** COLLECTED DATA follows **

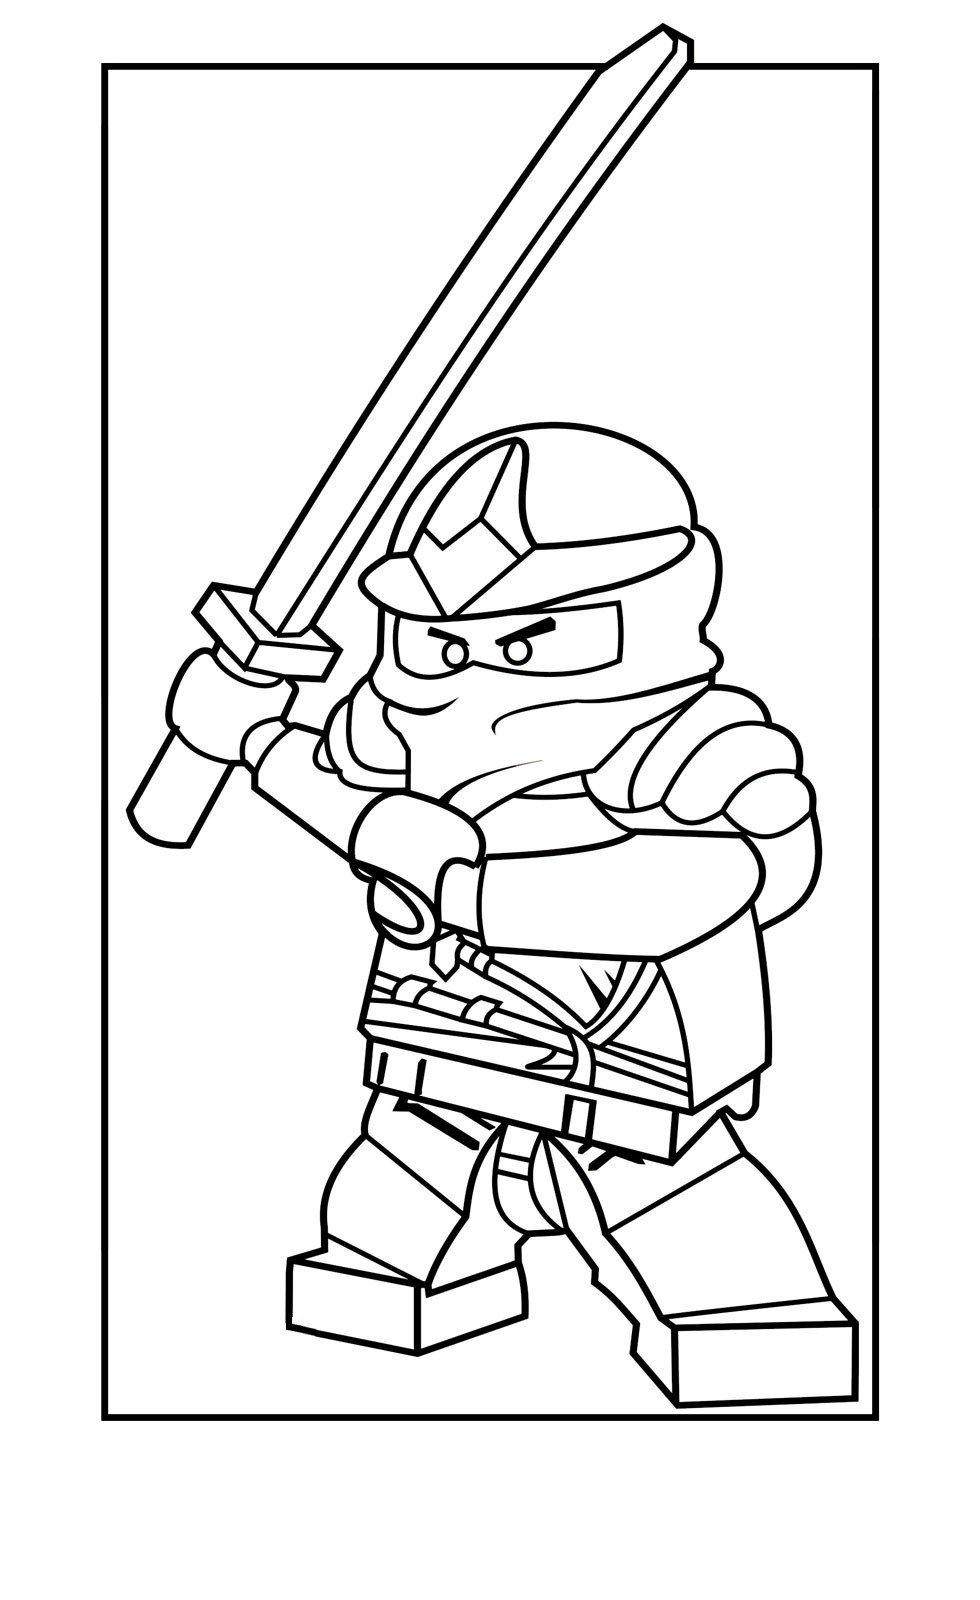 Картинка для раскраски «Ninjago Zane ZX»
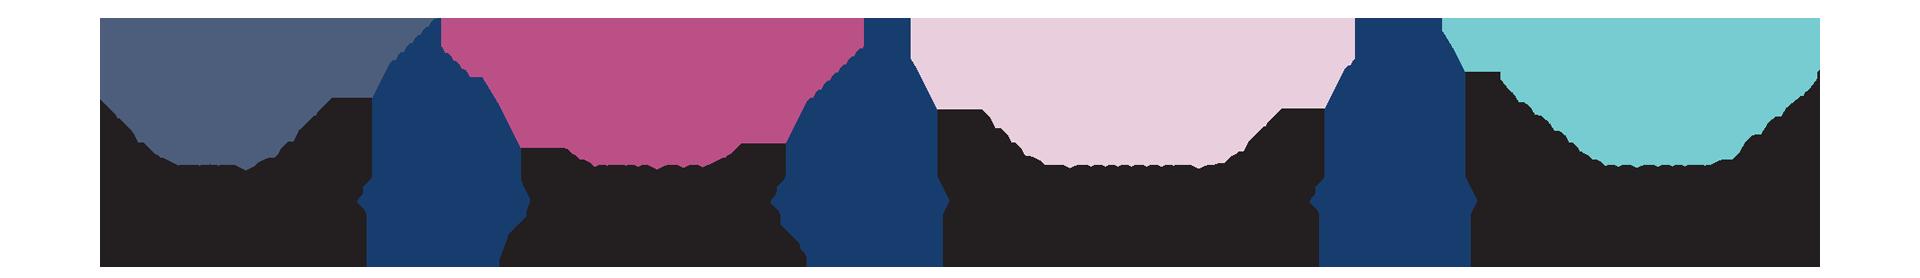 2019.09.12_Freezer,-Microwave,-Oven-Safe.png
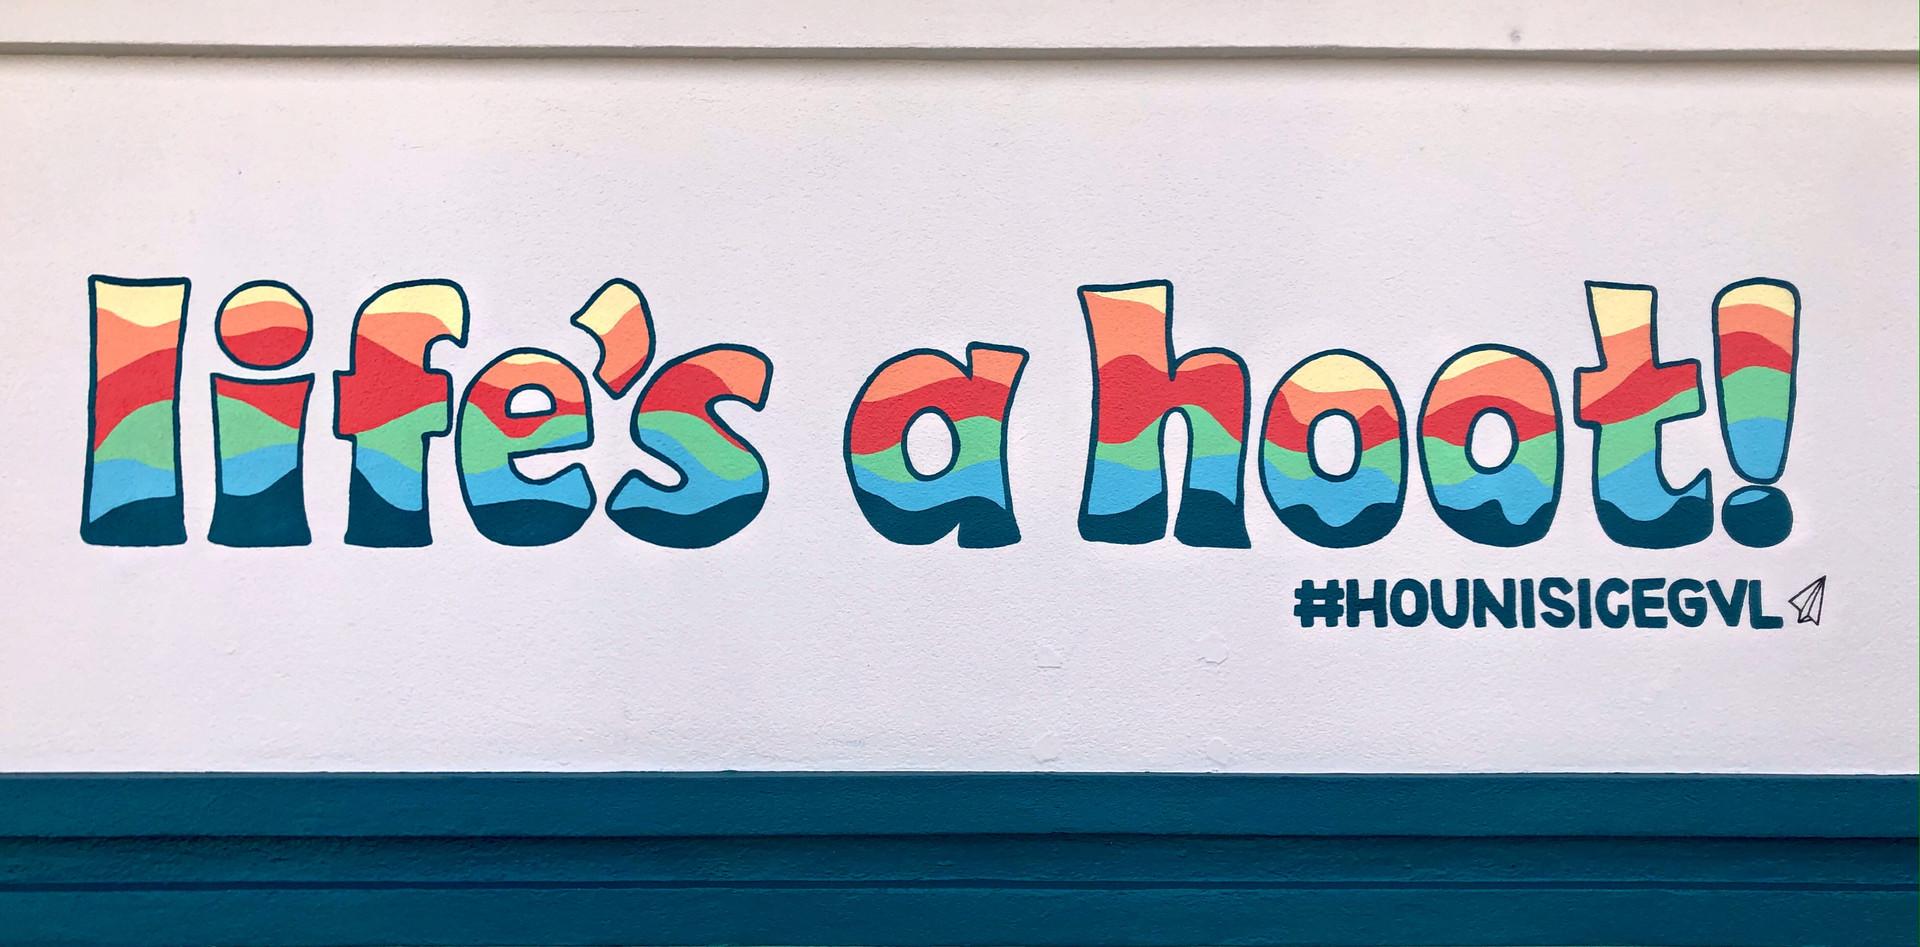 LIFE'S A HOOT!

** End of COLLECTED DATA **

● **TASK REQUIREMENTS**: Excluding every picture, set down the listing exactly.

● **RESULT FOR THIS TASK**:
 Картинка для раскраски «Ninjago Zane ZX»
 2019.09.12_Freezer,-Microwave,-Oven-Safe.png
 LIFE'S A HOOT!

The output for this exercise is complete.